= Exercise =
Please set down exactly the lines from the one containing "Nowy projekt dwóch" through the last line of the records below, both included, with no pictures.

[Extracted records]

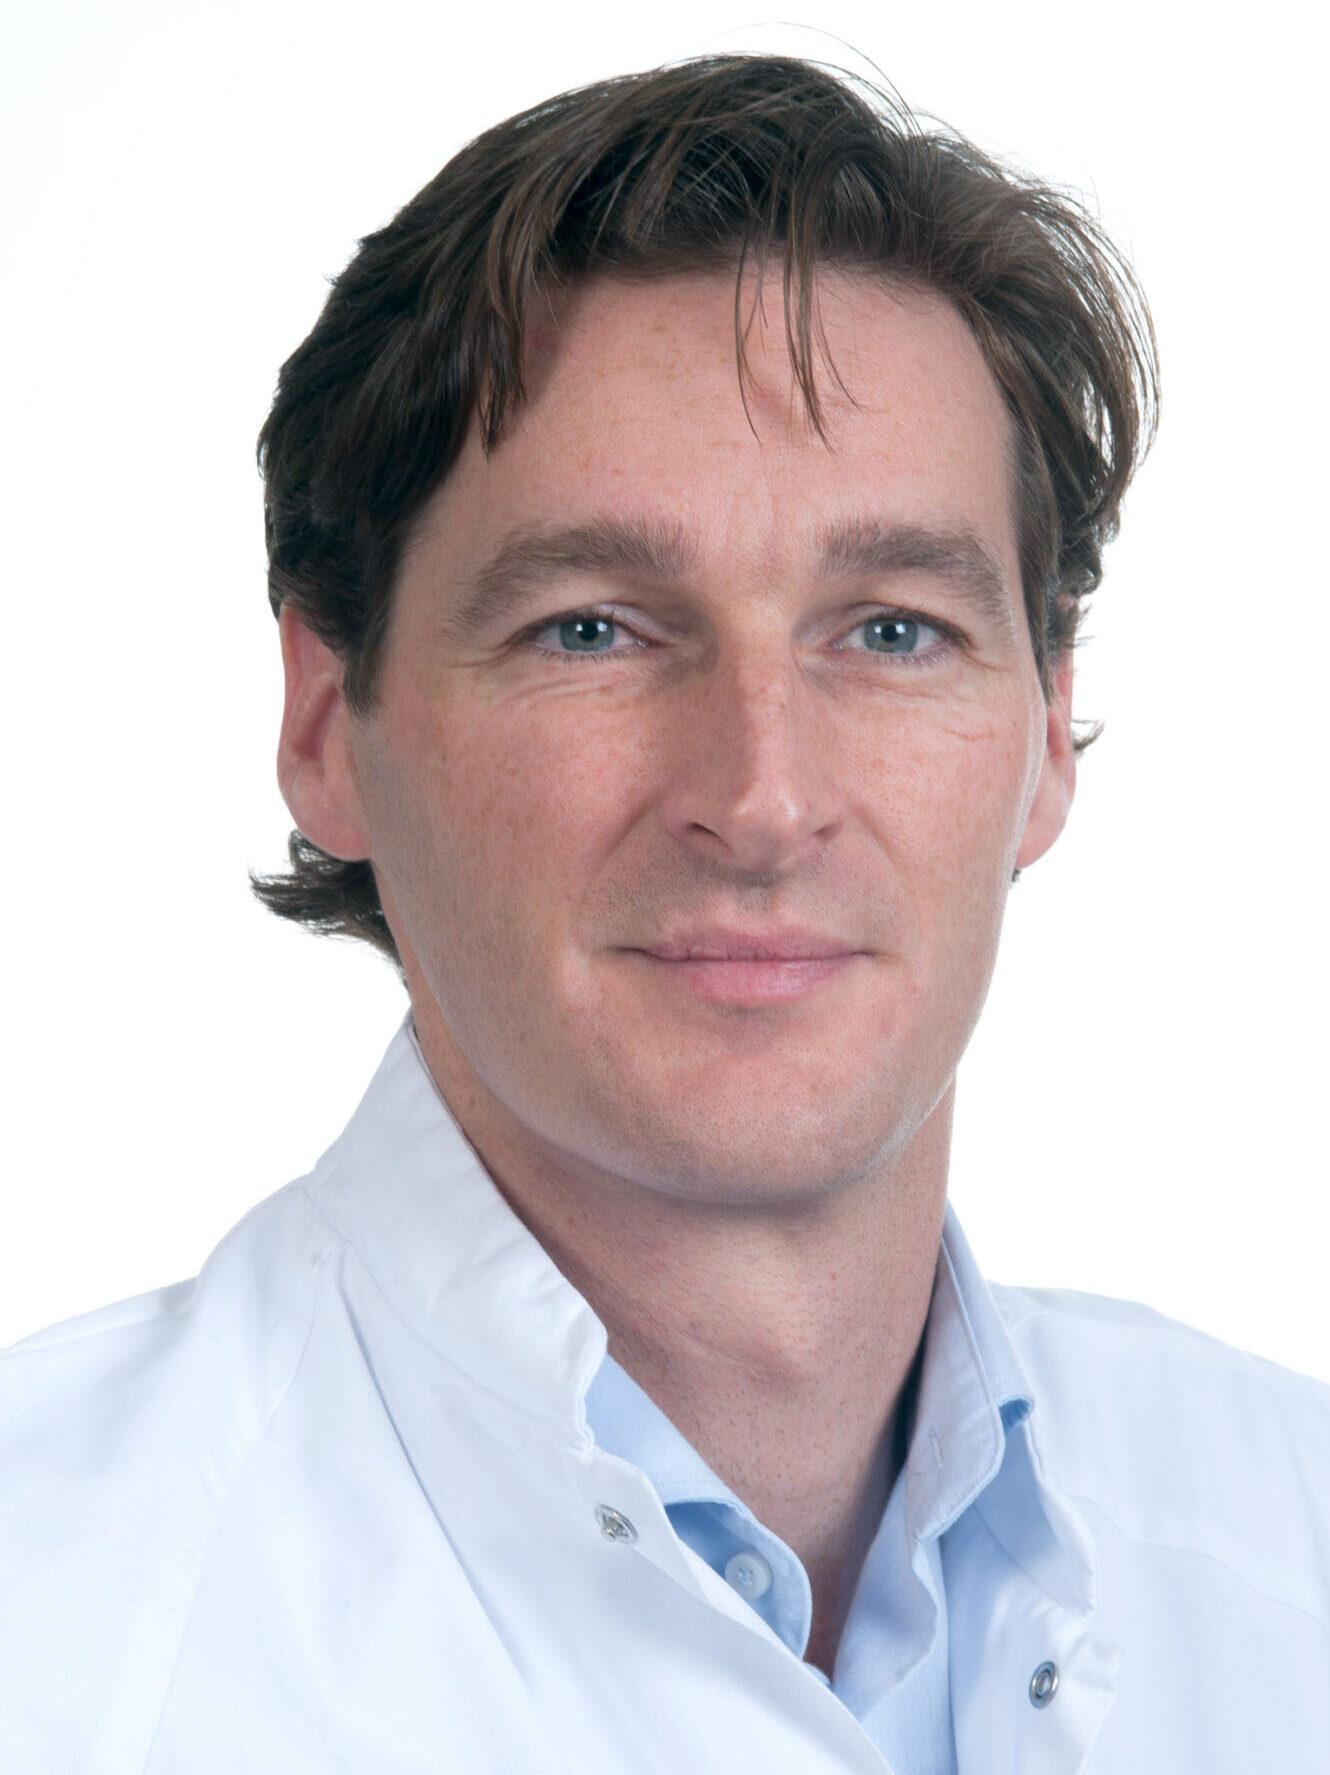 Uw orthopedisch chirurg: speciale schouderpoli biedt onderzoek en uitslag binnen één bezoek
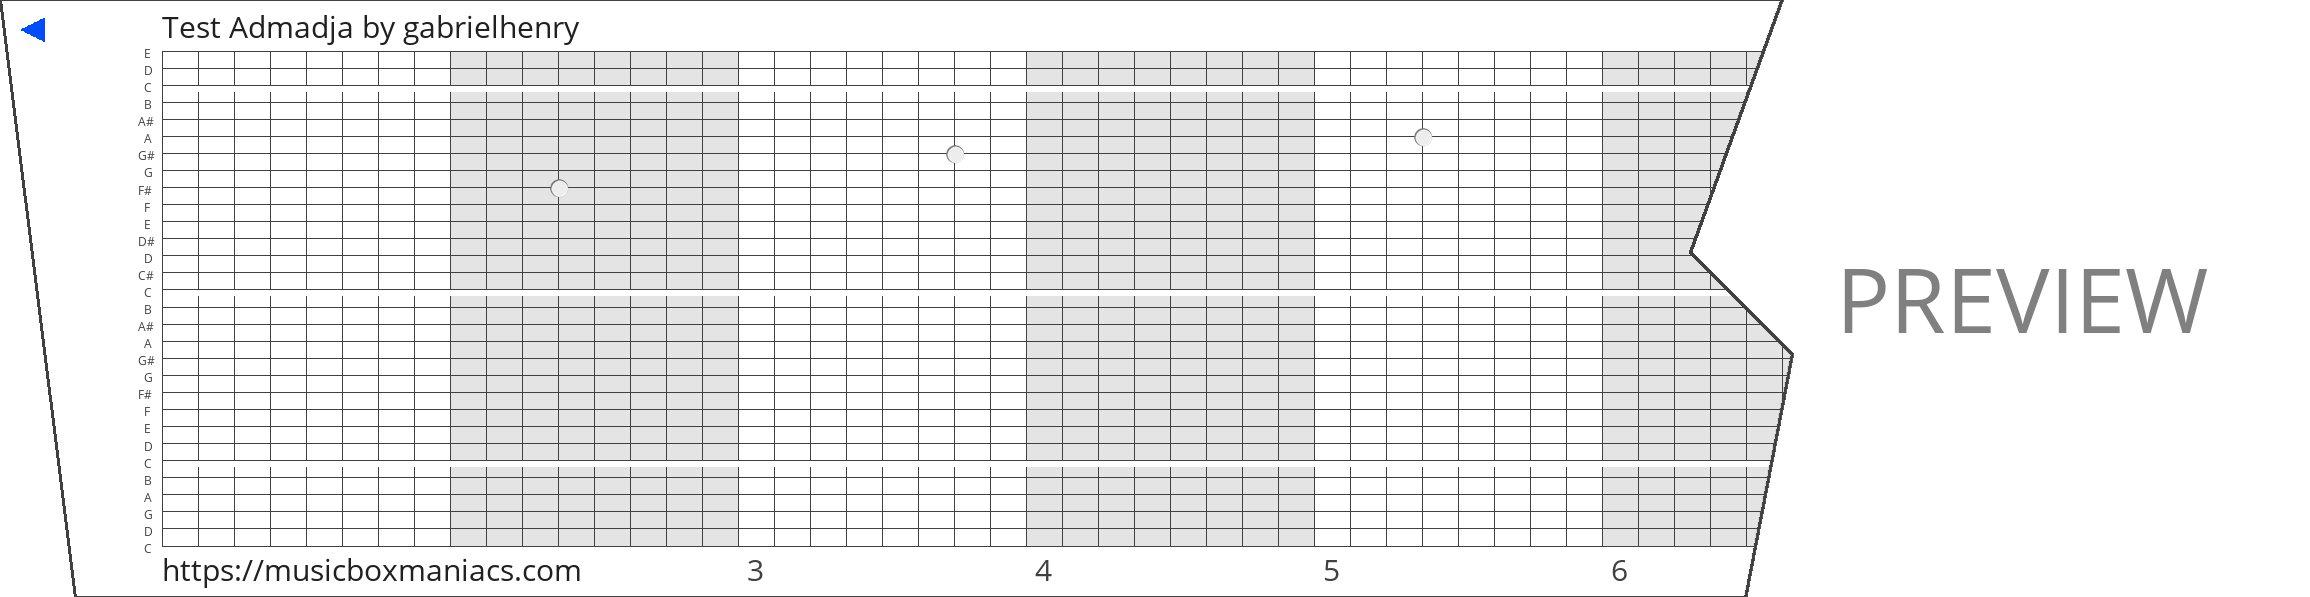 Test Admadja 30 note music box paper strip
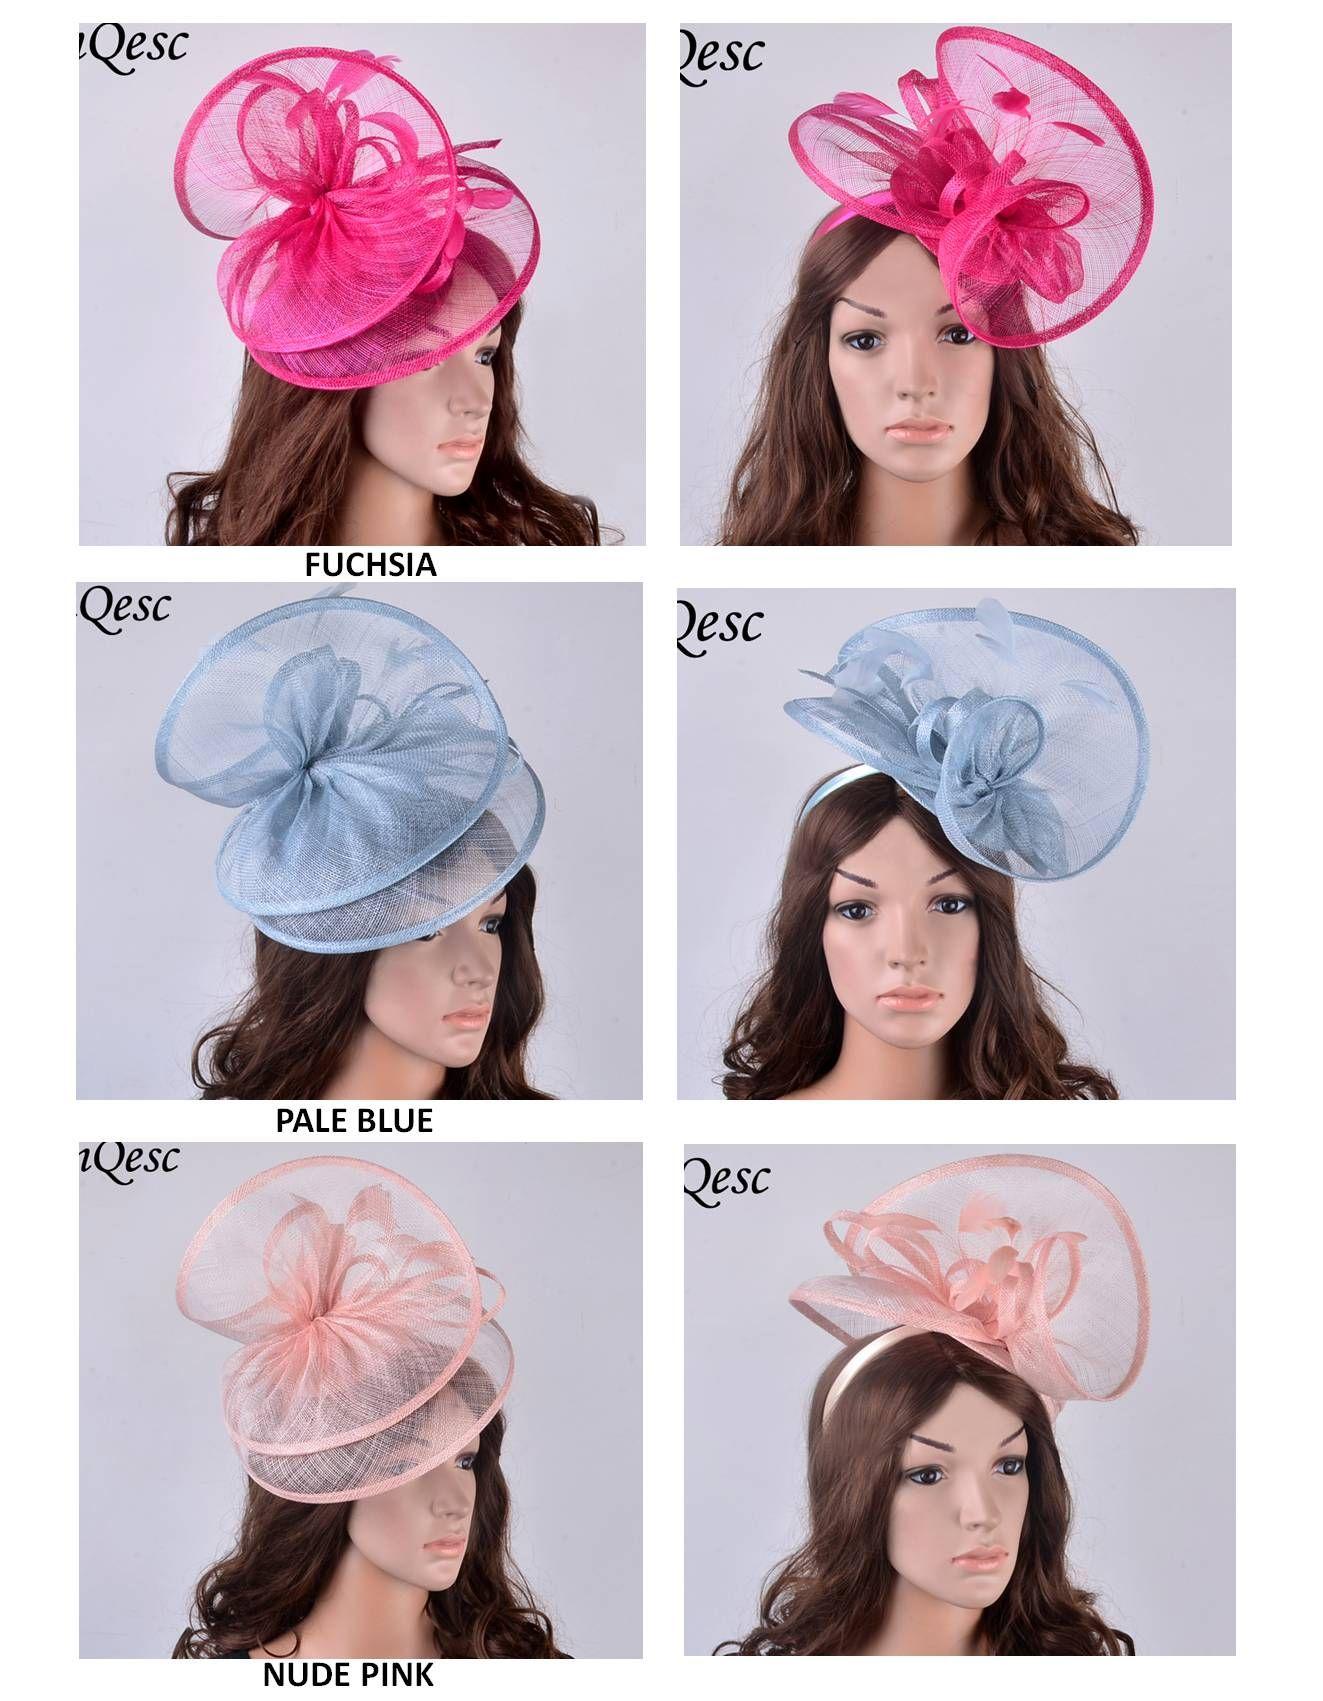 Nowy projekt dwóch boków Duży kapelusz fascynatora Sinamay z pętli Sinamay i piór do Kentucky Derby, ślub, kościół, wyścigi, impreza
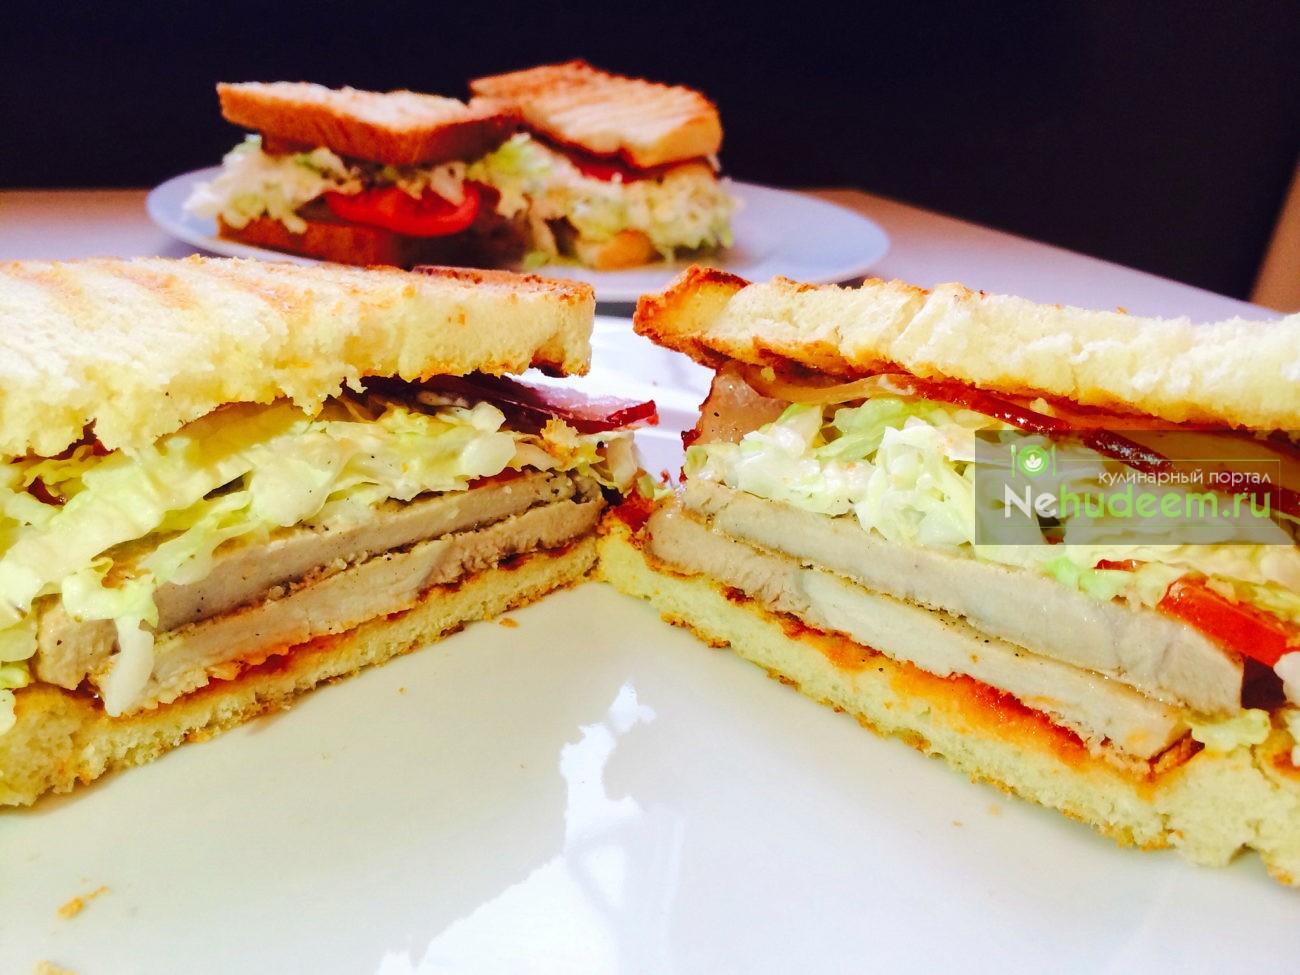 Сэндвич с мясом и беконом
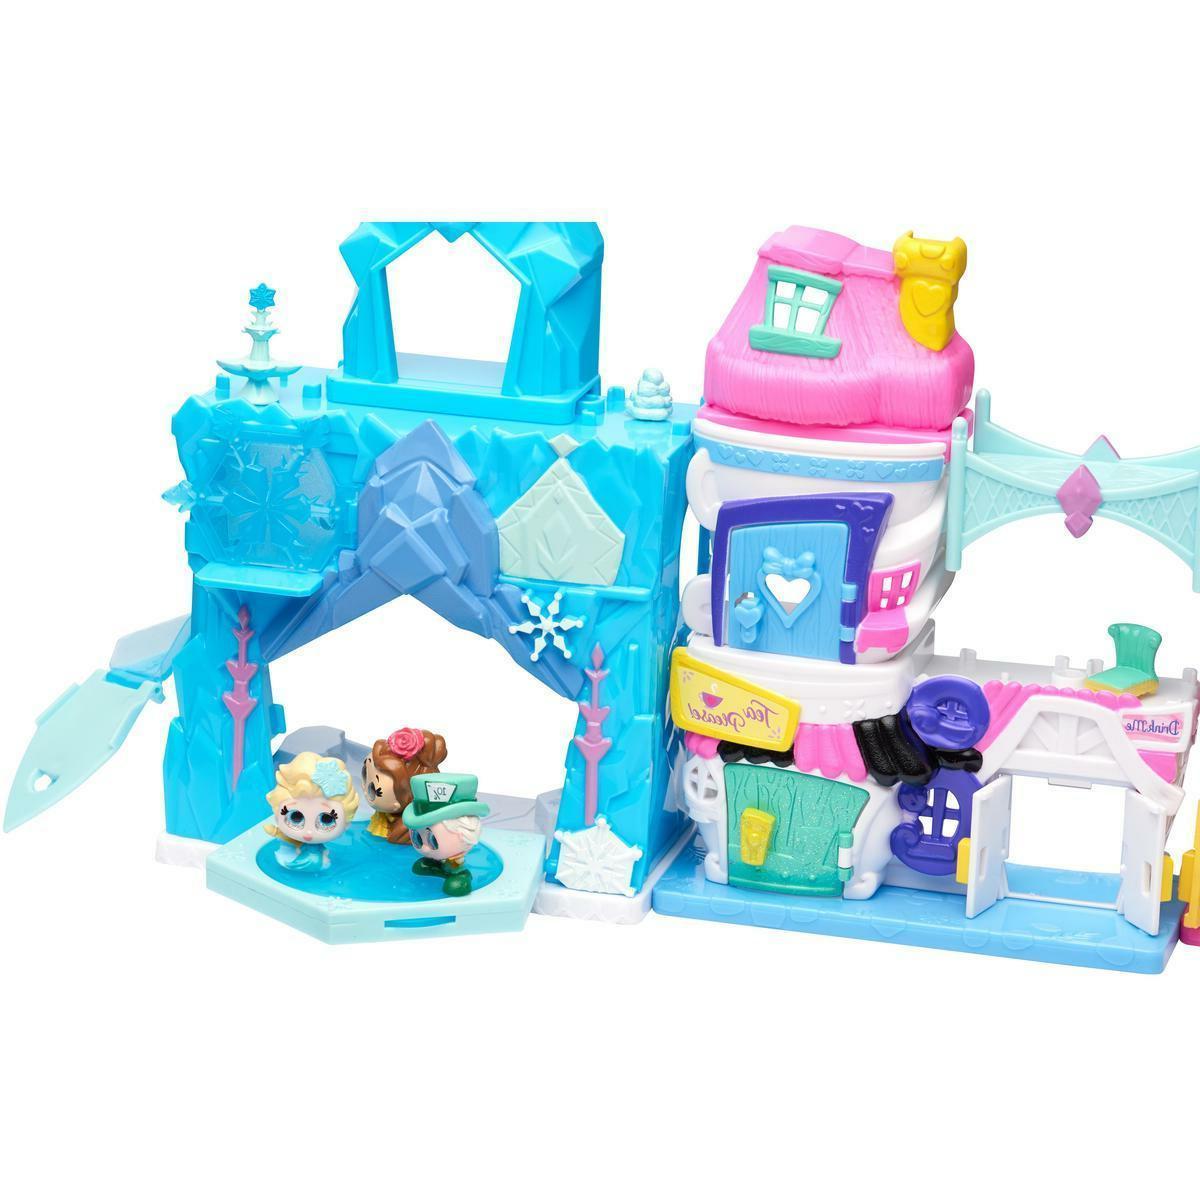 NEW Disney Doorables Stack Build Playset Elsa Belle Birthday Gift

= Your response =
 Nowy projekt dwóch boków Duży kapelusz fascynatora Sinamay z pętli Sinamay i piór do Kentucky Derby, ślub, kościół, wyścigi, impreza
 Сэндвич с мясом и беконом
 NEW Disney Doorables Stack Build Playset Elsa Belle Birthday Gift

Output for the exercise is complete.